That same phony baloney about nonpartisanship was given by the Walt Disney Co. to explain its boneheaded decision not to distribute Michael Moore’s Fahrenheit 9/11 ($113 mil in box office and still climbing, as compared to flops like The Alamo, Hidalgo, Around the World in 80 Days and King Arthur the studio did release). Yet Eisner’s company enjoys a wealth of perks from Bush and bro’, from Homeland Security’s March 2003 granting of a no-fly zone over Disney World, to tax breaks for its theme parks and hotels in Florida, where Br’er Jeb just happens to be governor.
In any case, after this month’s vacation cease-fire, the NYT-LAT battling begins intensifying when the troop movements are in place. To recap, movie editor Michael Cieply defected from the LAT to the NYT, as did film critic Manohla Dargis, music business writer Jeff Leeds and architecture critic Nicolai Ouroussoff.
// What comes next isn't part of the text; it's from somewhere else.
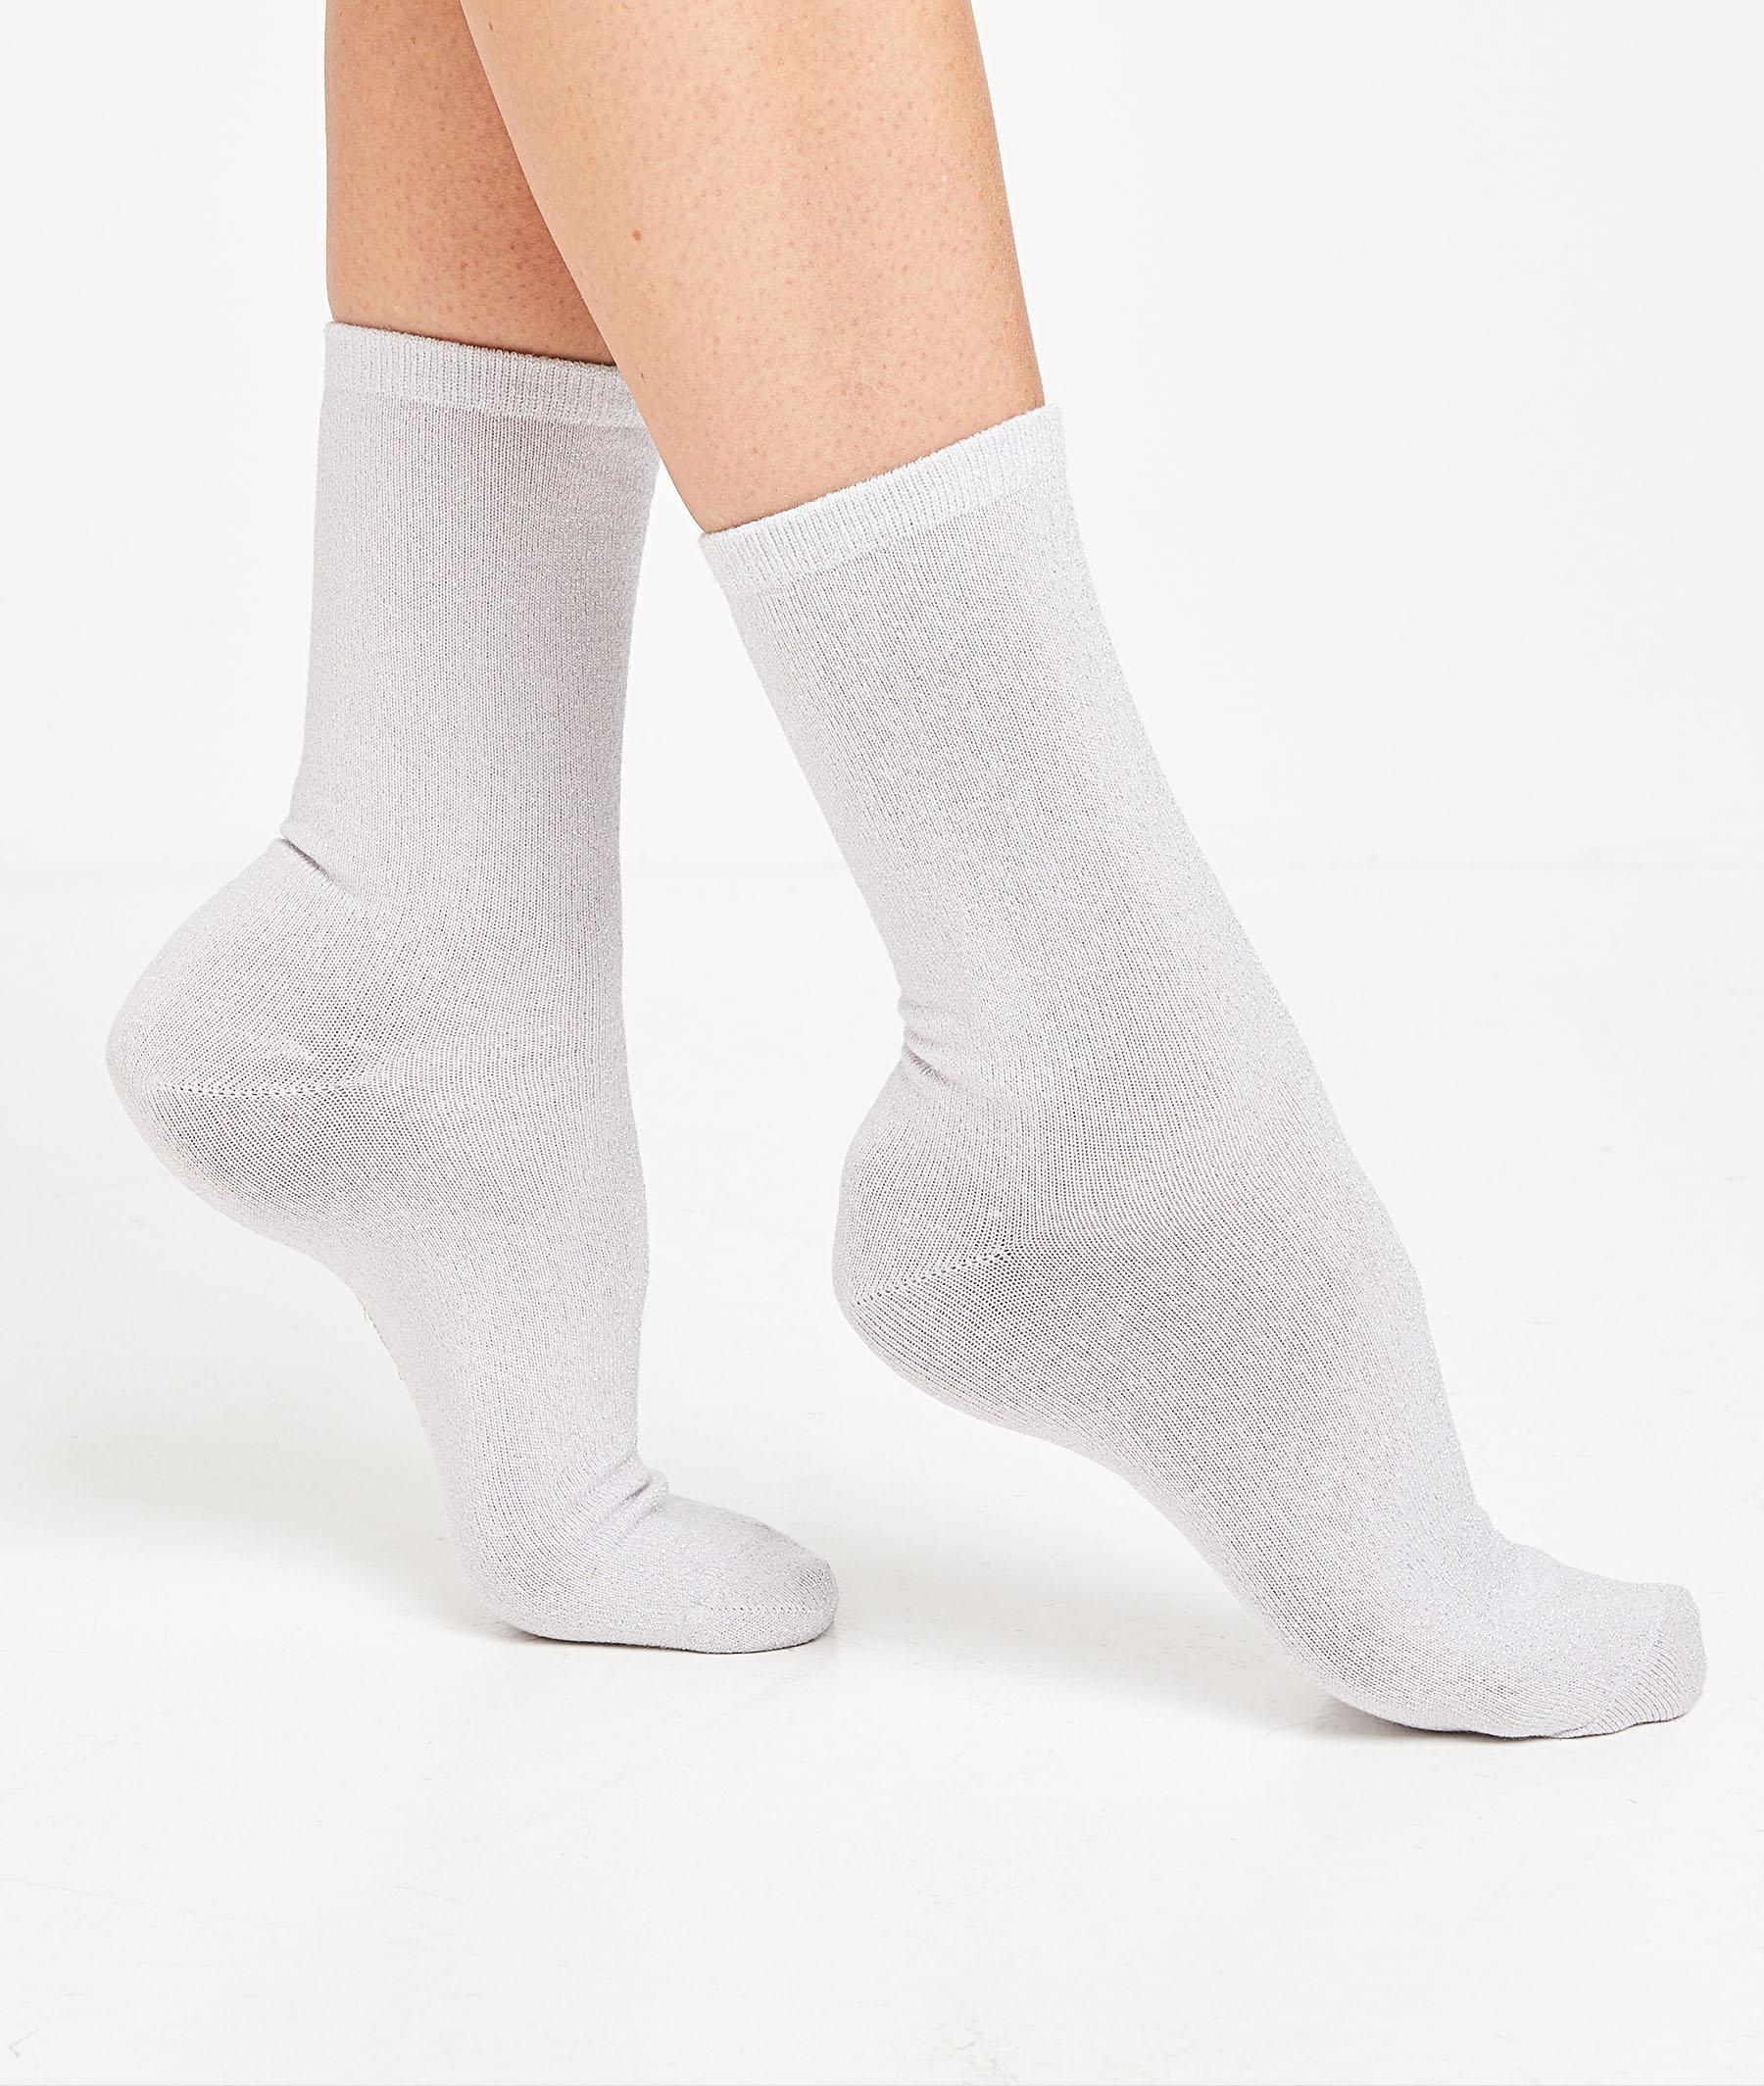 Lot de 2 paires de chaussettes femme LILAS

To counter, the LAT made TV critic Carina Chocano into Dargis Lite while Calendar columnist Paul Brownfield became Mr. Chocano. Then, Spring Street added Maria Russo from the New York Observer and Amy Wallace from Los Angeles magazine to estrogen up its editing staff. But did Wallace jump too soon? After all, she coulda been a contendah for the NYT’s second Hollywood gig. Instead, she sounds like journalism’s version of Xena: The Warrior Princess with eye-rolling pronouncements guaranteed to endear her to the bosses: “The L.A. Times is going to be at war with the N.Y. Times over entertainment coverage,” she told the Weekly recently. “And you know what? We’re going to win!”
All well and good, but if an army marches on its stomach, as Napoleon’s said, then we contend newsroom soldiers need at least a computer. On Tuesday, an amusing little NYT memo announcing not just the literal but the physical reorganization of the Culture section reminded the staff of the “downside” of all this hiring: not enough desks.